What most people don’t know is that at the beginning of this process, when the provisional settlement was first proposed, the Secretary of State for Communities and Local Government, Eric Pickles, invented a completely new measure of local authority funding. This was called ‘Revenue Spending Power’. It was done to hide Mr Pickles’s cuts.
The new measure included – for the first time ever – the council tax which local authorities collect. It also included, as Professor Colin Talbot of the University of Manchester has highlighted, £1bn of NHS money which has already been counted as part of the NHS budget. We still don’t know how much of this we will be able to spend, or what new duties will be attached to it. In addition, the measure used as its baseline the Emergency Budget in June – which had already significantly reduced our income from last year’s settlement.
So it wasn’t a comparison from one year’s settlement to another’s: and it didn’t show us the year on year cuts.
In Newham this bit of jiggery pokery from the Department for Communities and Local Government masked the fact that this year we will receive £43.7 million less from central government, which is in fact a cut of almost 14% of the total. This scale of cuts is reckless and puts at risk much of the improvement in services achieved through the previous Labour government’s investment.

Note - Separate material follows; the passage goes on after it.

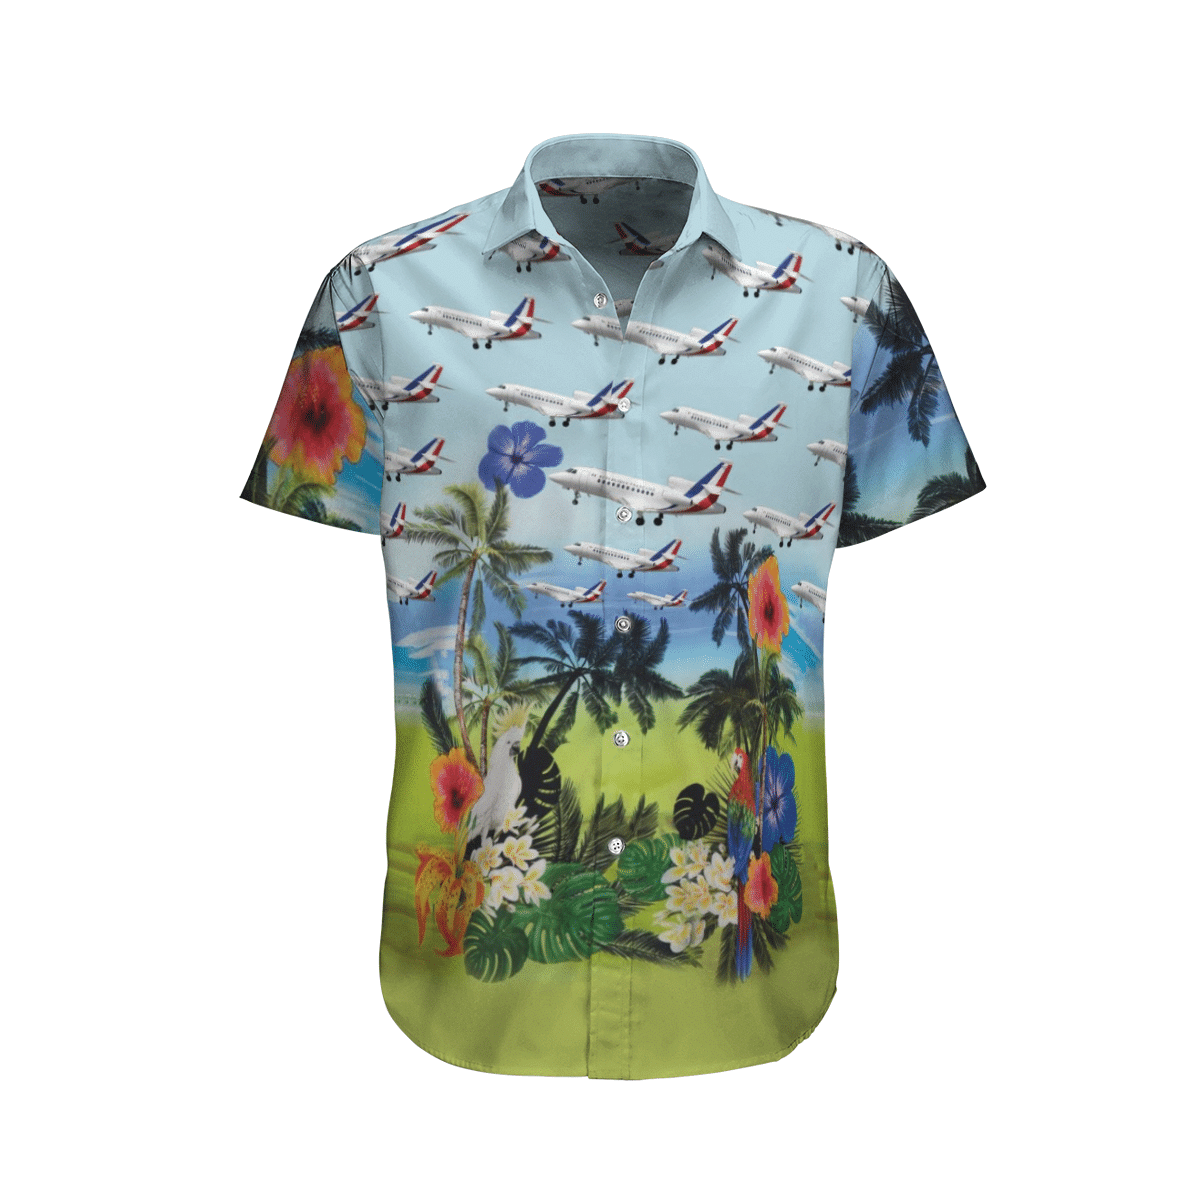 Get a new Hawaiian shirt to enjoy summer vacation 54
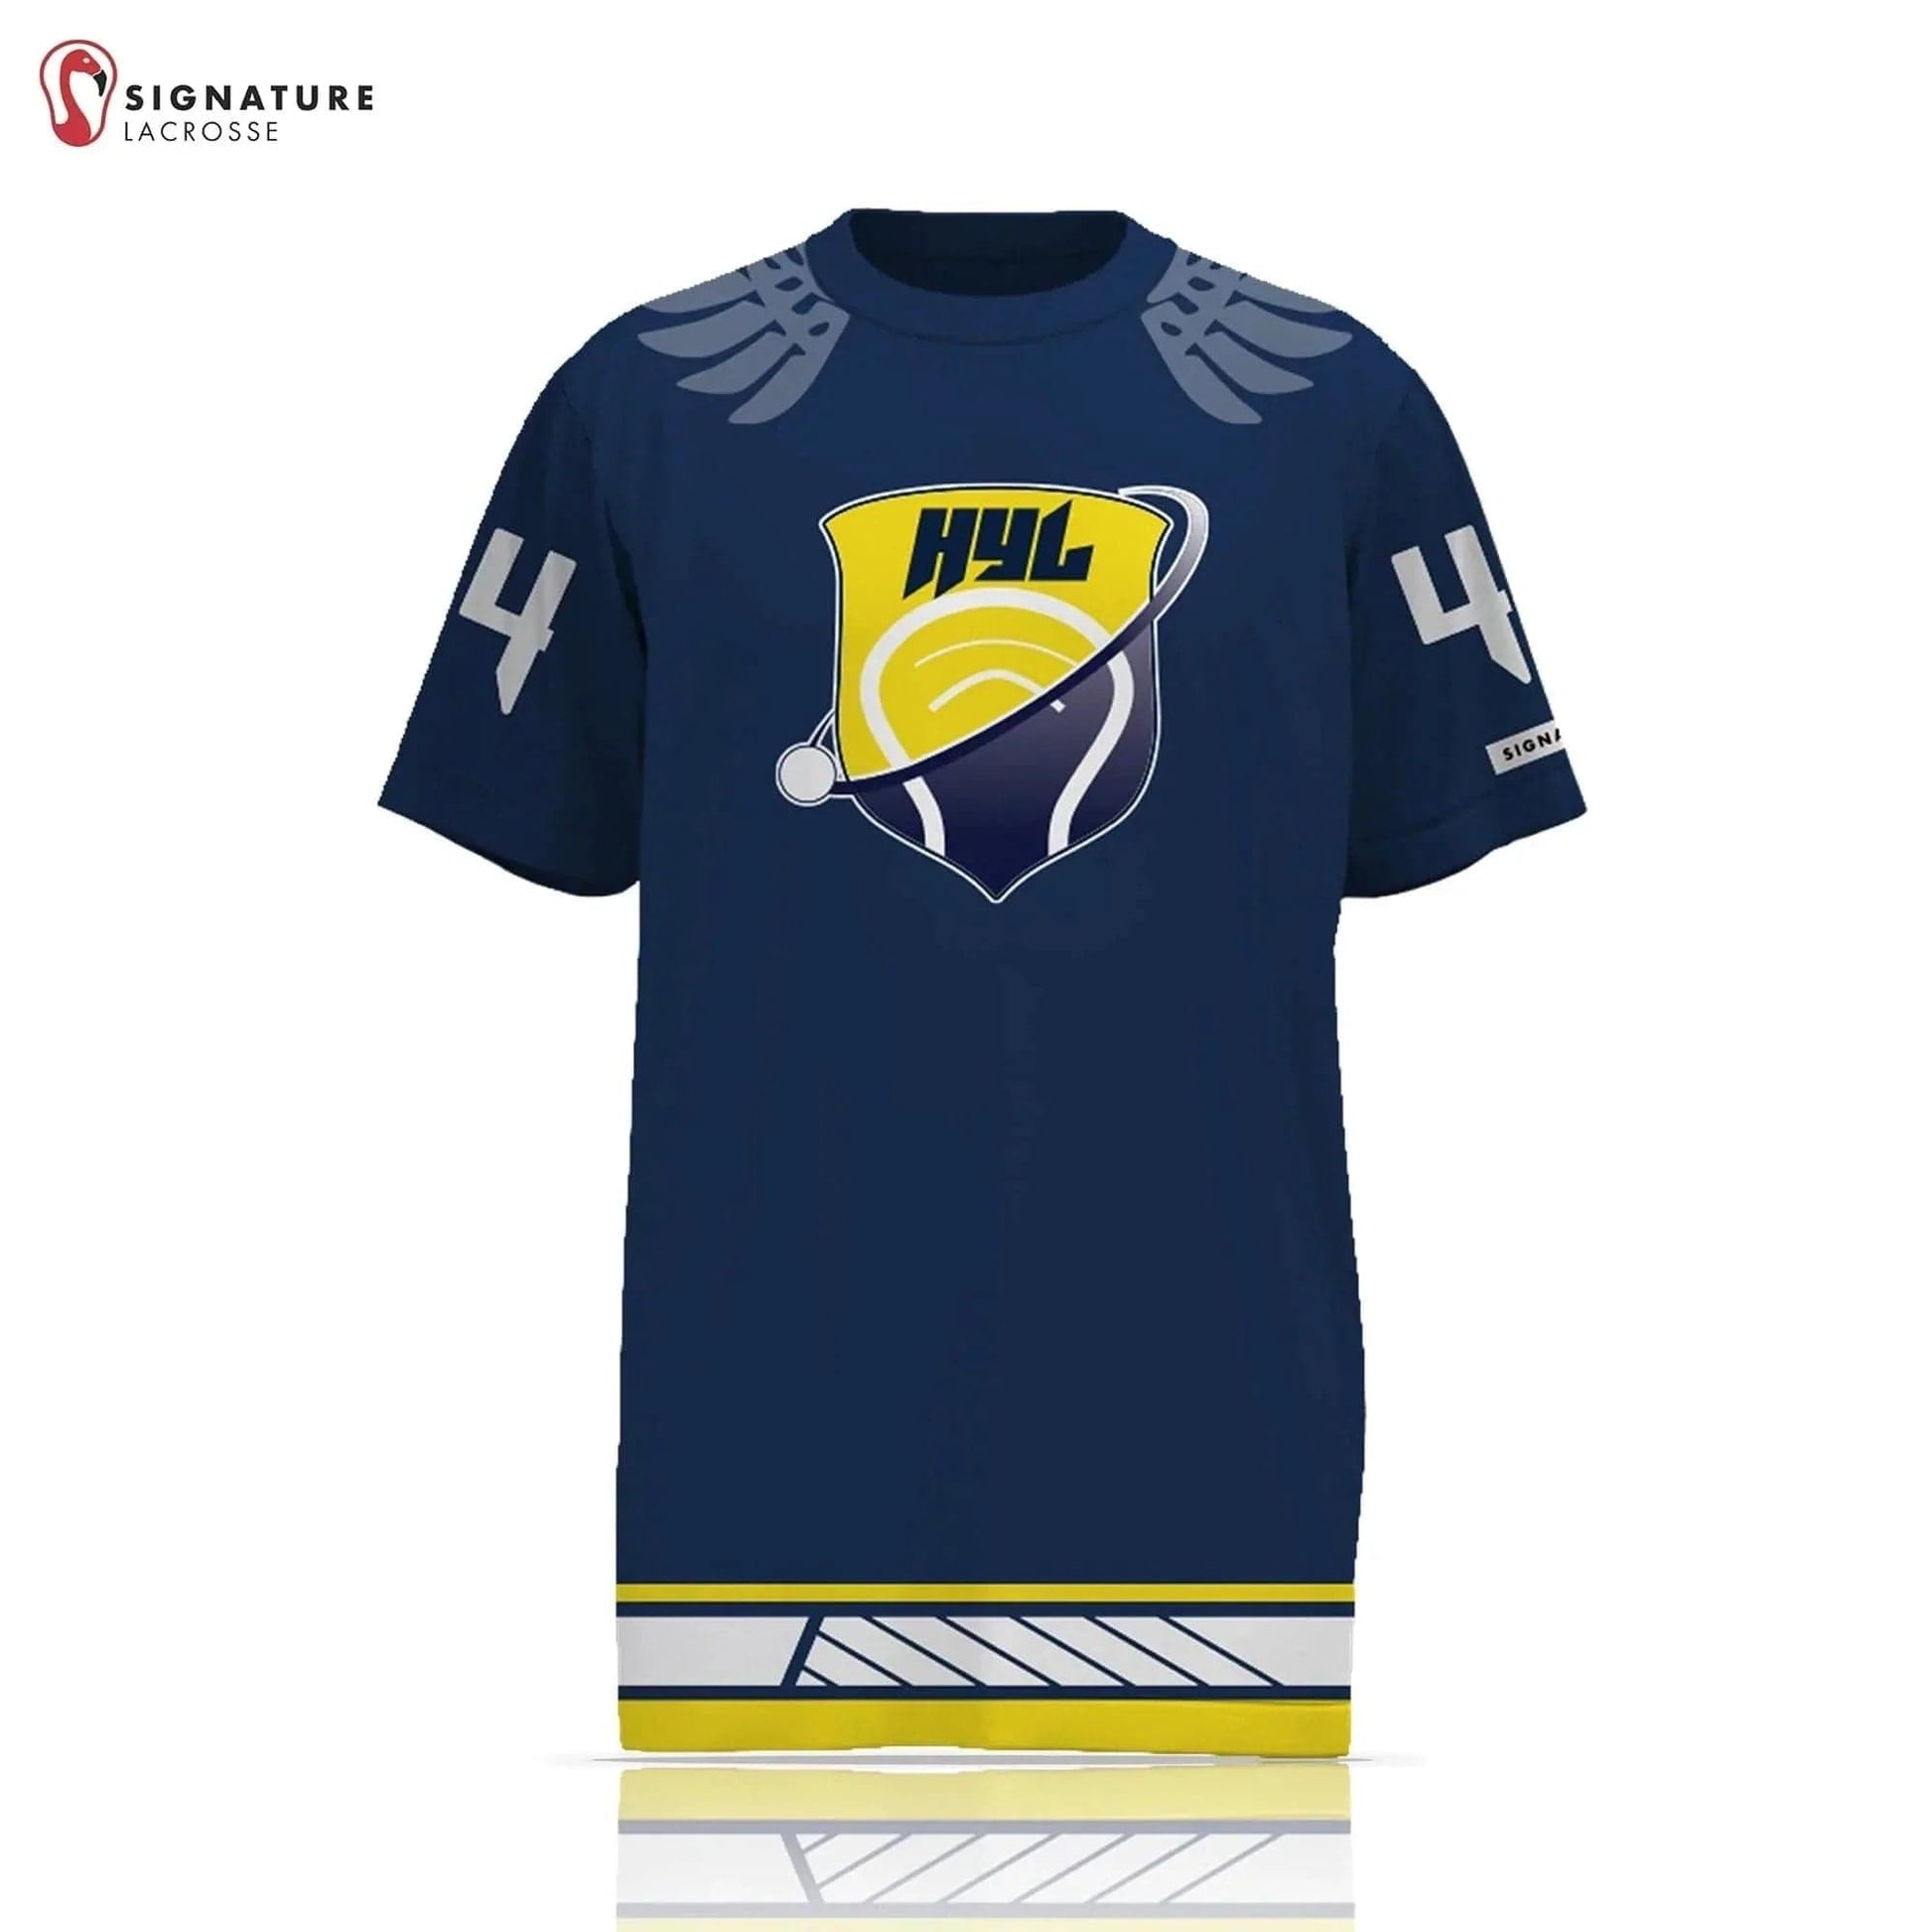 Hudsonville Area Lacrosse Player Short Sleeve Shooting Shirt: 2036 Signature Lacrosse

And a day or two later, Eric Pickles himself used a different way of measuring cuts, telling the public that spend per head of population was the way to judge whether the finance settlement was fair. This, according to the DCLG, was an attempt to ‘demystify’ the funding system. The fact that this was presented in the interests of transparency would be laughable if it didn’t have such a serious impact on my streets.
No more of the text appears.